Front 242 + Gérard Jugno 106

Front 242, Gérard Jugno 106

Rockstore, Montpellier (France)

du 25/03/2023 au 25/03/2023

Cette soirée va clore le cycle des rattrapages du covid. À l'origine, je devais monter voir Front 242 à Paris le quatrième weekend de mars 2020, pour un concert évidemment reporté en catastrophe avec le premier confinement. Au deuxième report c'était toute la tournée qui était redessinée, avec l'ajout de dates dans le Midi non prévues à l'origine et notamment une à Montpellier ! Naturellement, je me faisais rembourser ma place pour Paris au profit de celle à la maison, fixée pour mai 2022. C'est alors que Jean-Luc De Meyer eut un gros pépin de santé en avril précédent, qui obligea le groupe à repousser encore sa tournée d'un an en supprimant quelques arrêts. Tout le monde est remis et enfin, trois ans après quasiment jour pour jour, on y est. Malheureusement cela obligeait à faire un choix, car il y avait aussi du bon Thrash Black programmé ce même soir en ville (Hexecutor et Zoldier Noiz). Mais j'y ai envoyé du monde à ma place.

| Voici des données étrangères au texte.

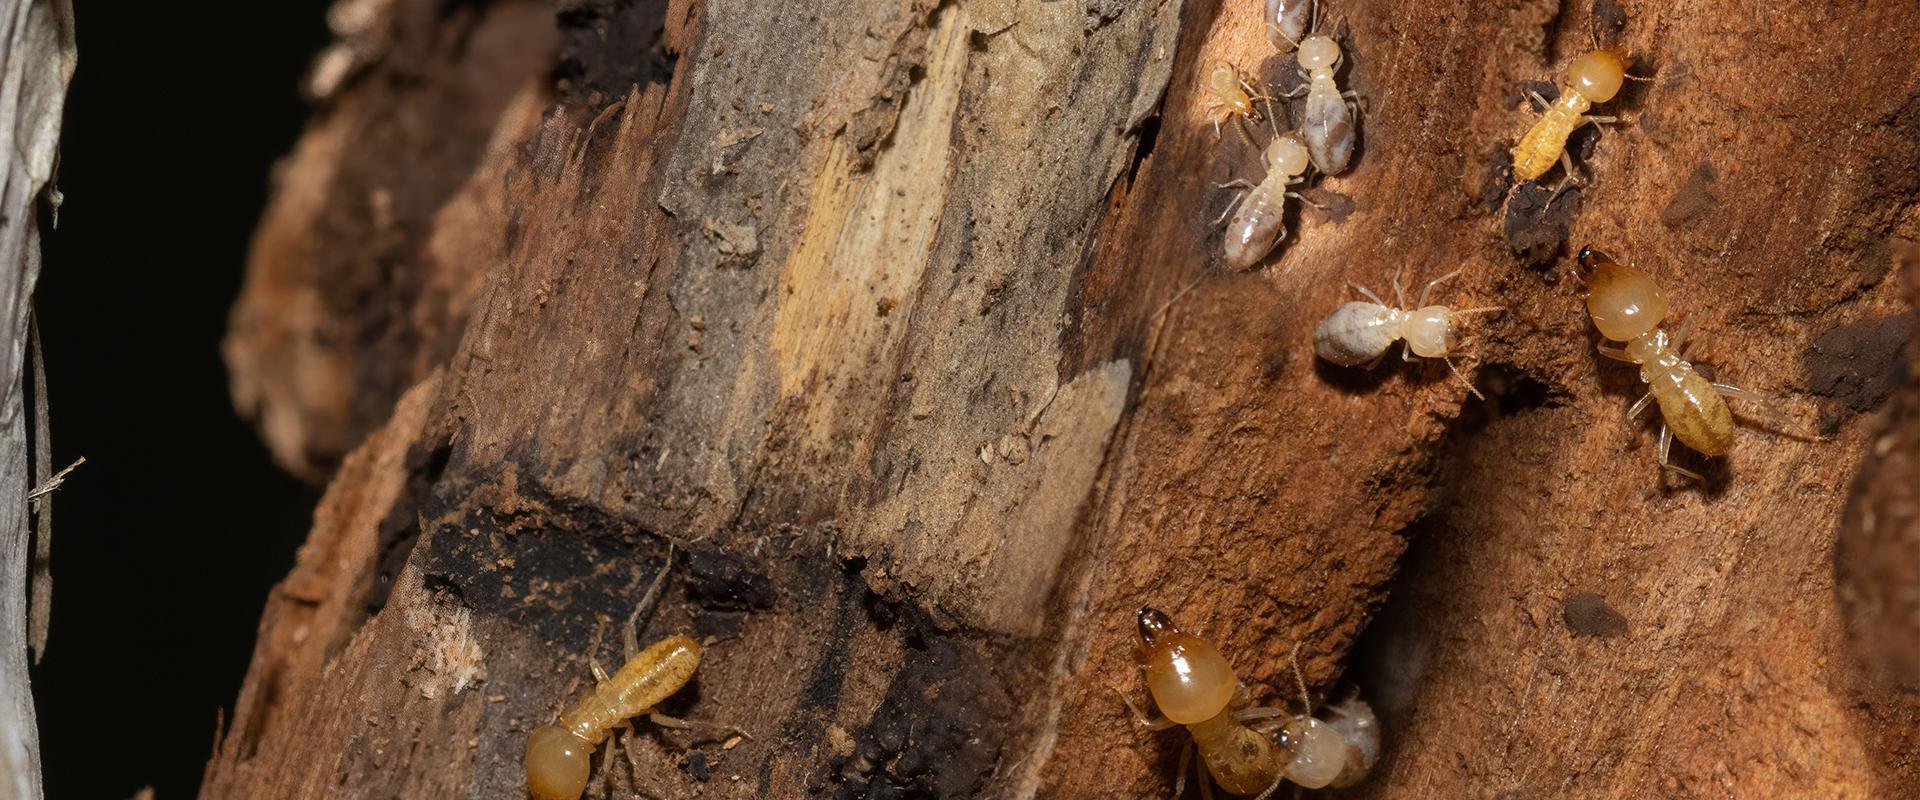 termites on wood in oklahoma city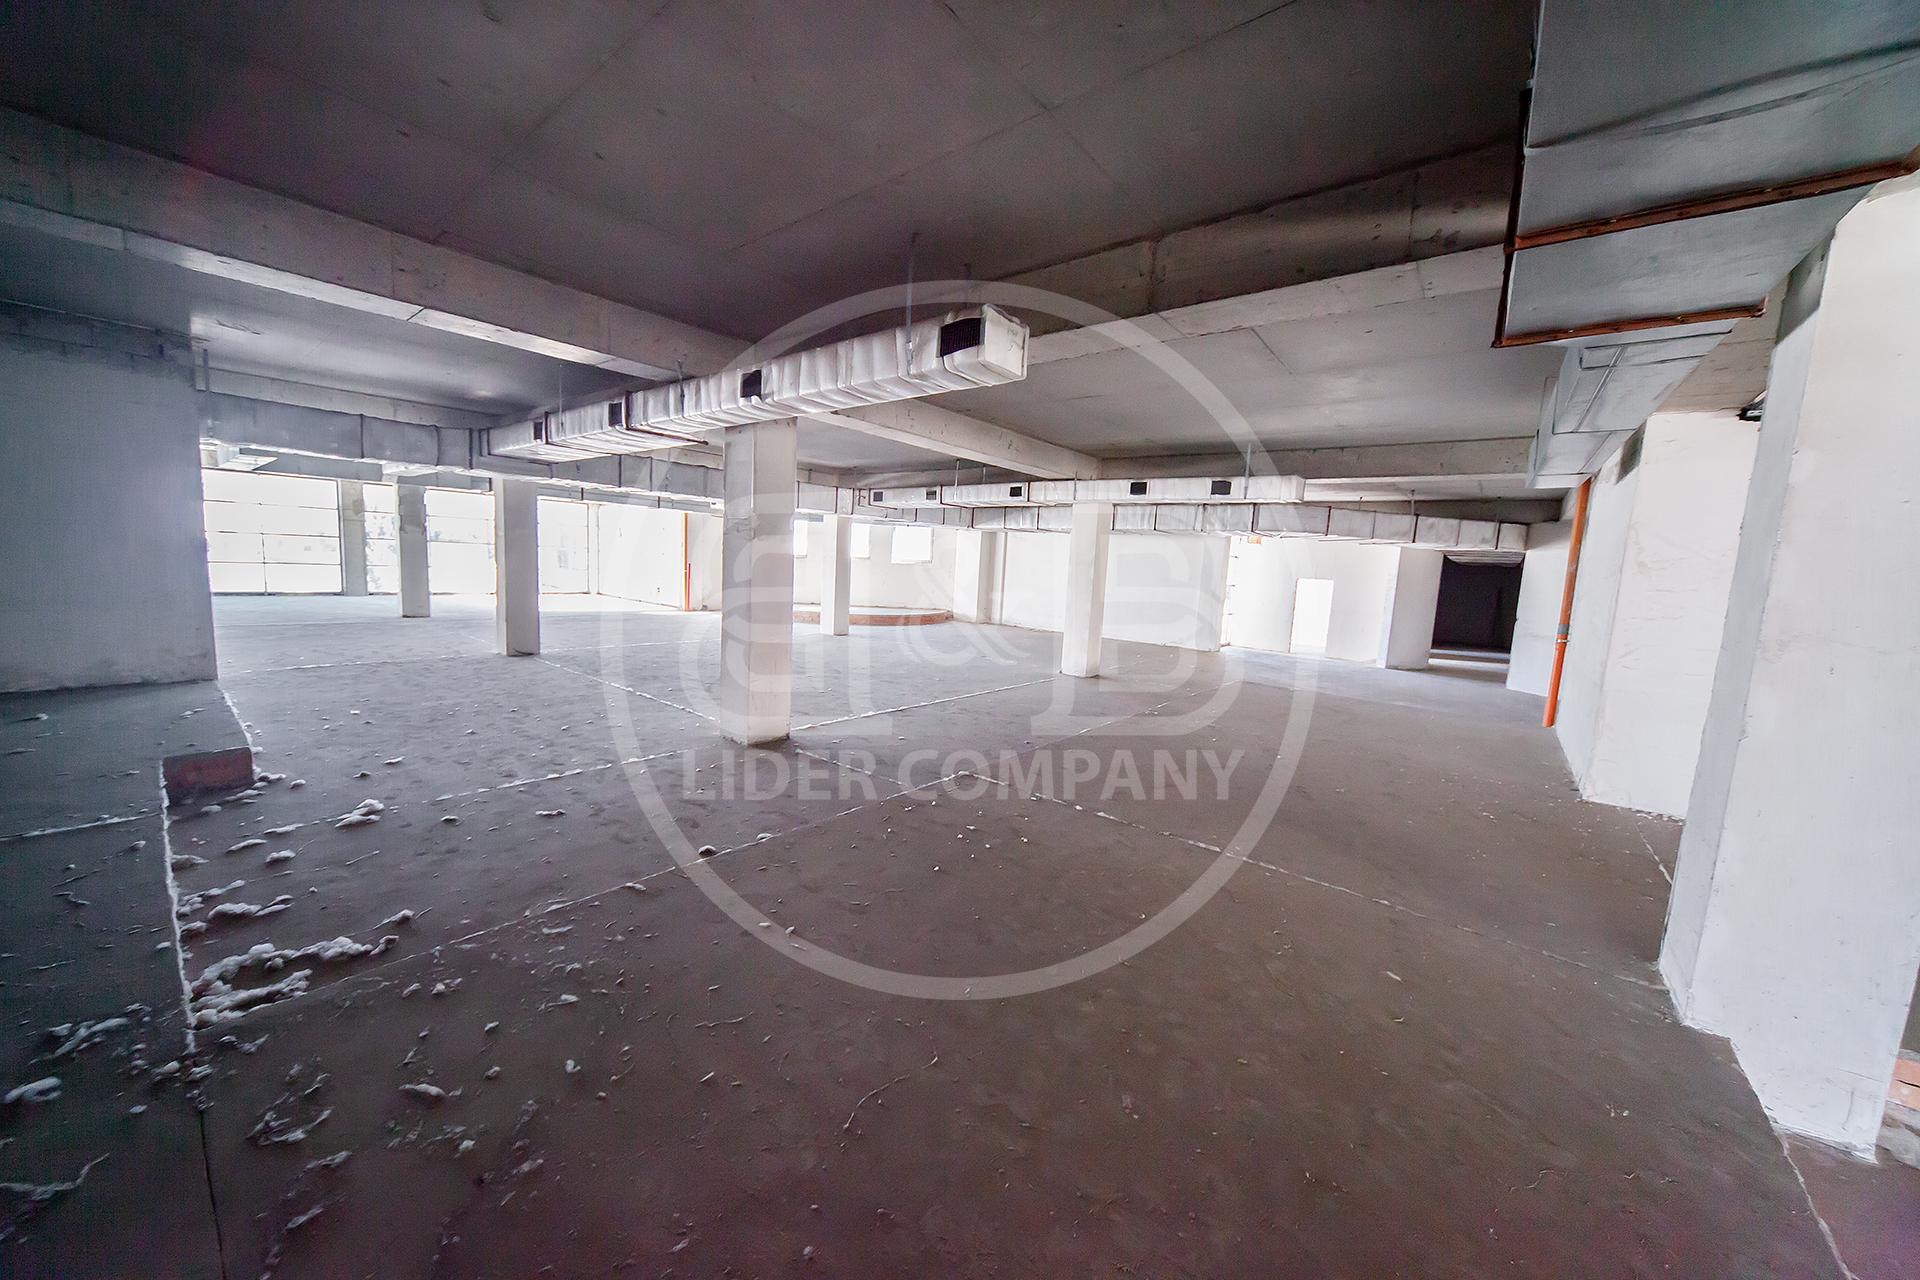 Spatiu comercial 700 m2 Prima linie variantă sură , Botanica str. Decebal 549 euro/m2

Il est si rare de voir de la vraie EBM que je suis arrivé parmi les premiers dans notre cher vieux Rockstore, histoire de faire un tour au merch' où il y avait déjà la queue. Progressivement la foule arrivait, et contredisait la rumeur d'un faible nombre de préventes. Ce n'était peut-être pas complet, mais on devait être aux quatre cinquièmes de jauge.


GÉRARD JUGNO 106 est l'autre projet de Lucien dall'Aglio, le Franco-Suisse connu plus anciennement pour son projet Synth-Rock-New-Wave Stolearm qui mérite le détour. Là, j'avoue que je craignais ce choix de première partie, me souvenant d'une Electro cocasse et très kitsch pas franchement dans mes goûts. Entretemps il y a eu un album, et la saveur a effectivement un peu évolué. Son matériel installé sur une table tournée de trois quarts, il joua de l'écho pour introduire le titre emblématique avec son refrain à la voix d'adolescente de synthèse scandant une phrase rimée rigolote. Le reste du set était à l'avenant, un répertoire plus clairement enraciné dans l'EBM traditionnelle sèche à la Nitzer Ebb qu'en 2018, en y greffant des effets comiques : un sample des animateurs de "faites entrer l'accusé", un "Au clair de la lune" métamorphosé en Electro joviale, un refrain "chaussée aux moines" resservi sur des effets et tempos variés, et j'en passe beaucoup. Plus que de simple humour il s'agit d'introduire une part d'absurde, de faire de l'EBM dadaïste et cela rappelle l'esprit de formations secondaires du style dans les années 80 comme À;ghrum ou What's, ou l'éphémère projet Karbu 38 qui vécut brièvement du côté de Béziers, malgré un résultat assez différent.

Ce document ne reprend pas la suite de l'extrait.